I'm referring to instructions like sizeof and cpblk - there's no class or command that executes these instructions (sizeof in C# is computed at compile time, not at runtime AFAIK).

Others?

EDIT: The reason I'm asking this (and hopefully this will make my question a little more valid) is because I'm working on a small library which will provide the functionality of these instructions. sizeof and cpblk are already implemented - I wanted to know what others I may have missed before moving on.

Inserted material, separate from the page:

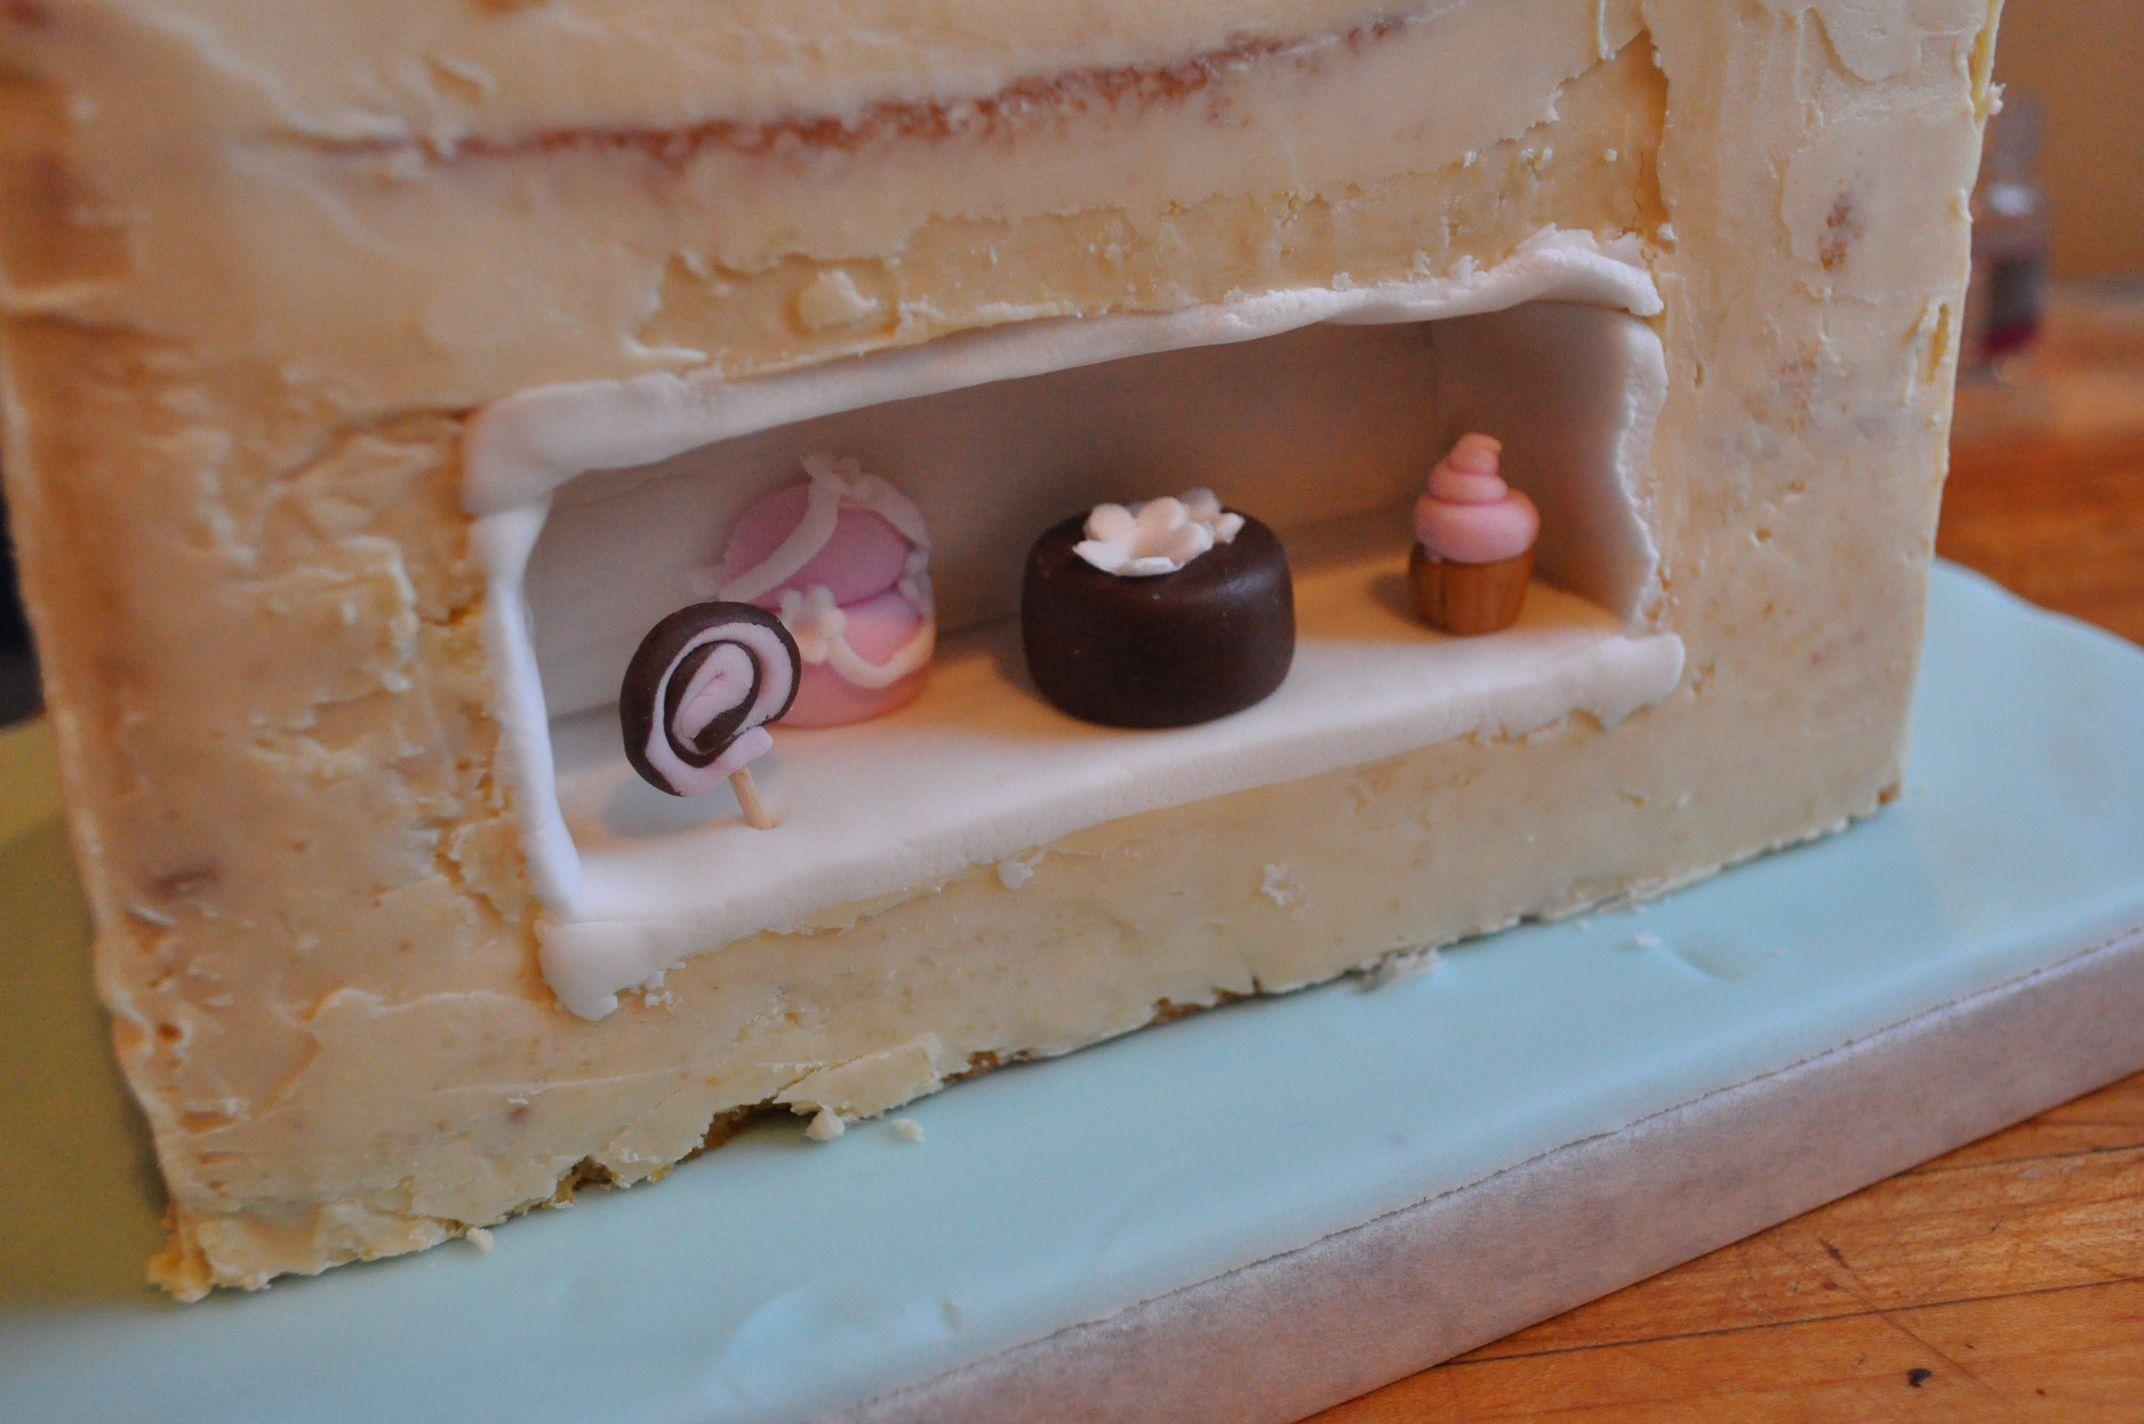 Negozio Per Cake Design Torino : Una torta nella torta! Un opera di cake design che ...

EDIT2: Using Eric's answer, I've compiled a list of instructions:

  • Break
  • Jmp
  • Calli
  • Cpobj
  • Ckfinite
  • Prefix[1-7]
  • Prefixref
  • Endfilter
  • Unaligned
  • Tailcall
  • Cpblk
  • Initblk

There were a number of other instructions which were not included in the list, which I'm separating because they're basically shortcuts for other instructions (compressed to save time and space):

  • Ldarg[0-3]
  • Ldloc[0-3]
  • Stloc[0-3]
  • Ldc_[I4_[M1/S/0-8]/I8/R4/R8]
  • Ldind_[I1/U1/I2/U2/I4/U4/I8/R4/R8]
  • Stind_[I1/I2/I4/I8/R4/R8]
  • Conv_[I1/I2/I4/I8/R4/R8/U4/U8/U2/U1]
  • Conv_Ovf_[I1/I2/I4/I8/U1/U2/U4/U8]
  • Conv_Ovf_[I1/I2/I4/I8/U1/U2/U4/U8]_Un
  • Ldelem_[I1/I2/I4/I8/U1/U2/U4/R4/R8]
  • Stelem_[I1/I2/I4/I8/R4/R8]
Anthropometry answered 18/8, 2011 at 16:15 Comment(14)
@Hans I don't see how this isn't on-topicHemline
I made an edit - is this better? AFAIK, it's at least not subjective... Would it be better if I posted on the MSDN forums?Anthropometry
@Hans I don't see why it isn't on-topic either. Its not asking for an opinion, its a simple question about a programming language with a specific answer, and I wouldn't know where else the OP could ask it on stackexchange.Equalizer
This is actually even a fairly interesting question. Not subjective, off topic, offensive, localized, or anything else in anyway that I can see.Hemline
Well, the edit makes it better, there's at least a hint of practical. But answerable is the problem, it requires somebody from Microsoft that has access to the compiler source code. He will not want to talk about undocumented C# keywords, for one.Octagonal
@Hans Well that's about like saying that it's impossible to tell what x86 instructions aren't exposed from gcc without looking through the source. It takes quite a bit of effort, but it's likely someone has tried to reverse-engineer and document this beforeHemline
When did we have to demonstrate practicality? I've seen endless questions with people 'writing my own http server' - which I'm sure is just for fun. As for answerable, I wouldn't know if someone here couldn't answer that. Aren't C# and MSIL ECMA standards too?Equalizer
I don't see how this is a question about undocumented C# keywords - a quick Google can find me those. I'm pretty sure it can be answered, or else I wouldn't have found out about sizeof and cpblk.Anthropometry
If it's asking for a list of things then the question should be changed to a community wiki right?Pigheaded
Please show or provide a link to the code.Coursing
@Dour What exactly are you asking for? The code for the instructions I've already exposed?Anthropometry
You said "I'm working on a small library...". If this is a commercial product I can understand keeping the source private, but if not this would be a valuable project for other people.Coursing
I'll release it on Codeplex when I get the chance :DAnthropometry
Perfectly valid question. I'm trying to figure out if Cpblk can be construed from a C# program and I find both the question and answer most relevant to high performance .NET development.Bernardo
P
36

I'm referring to instructions like sizeof and cpblk - there's no class or command that executes these instructions (sizeof in C# is computed at compile time, not at runtime AFAIK).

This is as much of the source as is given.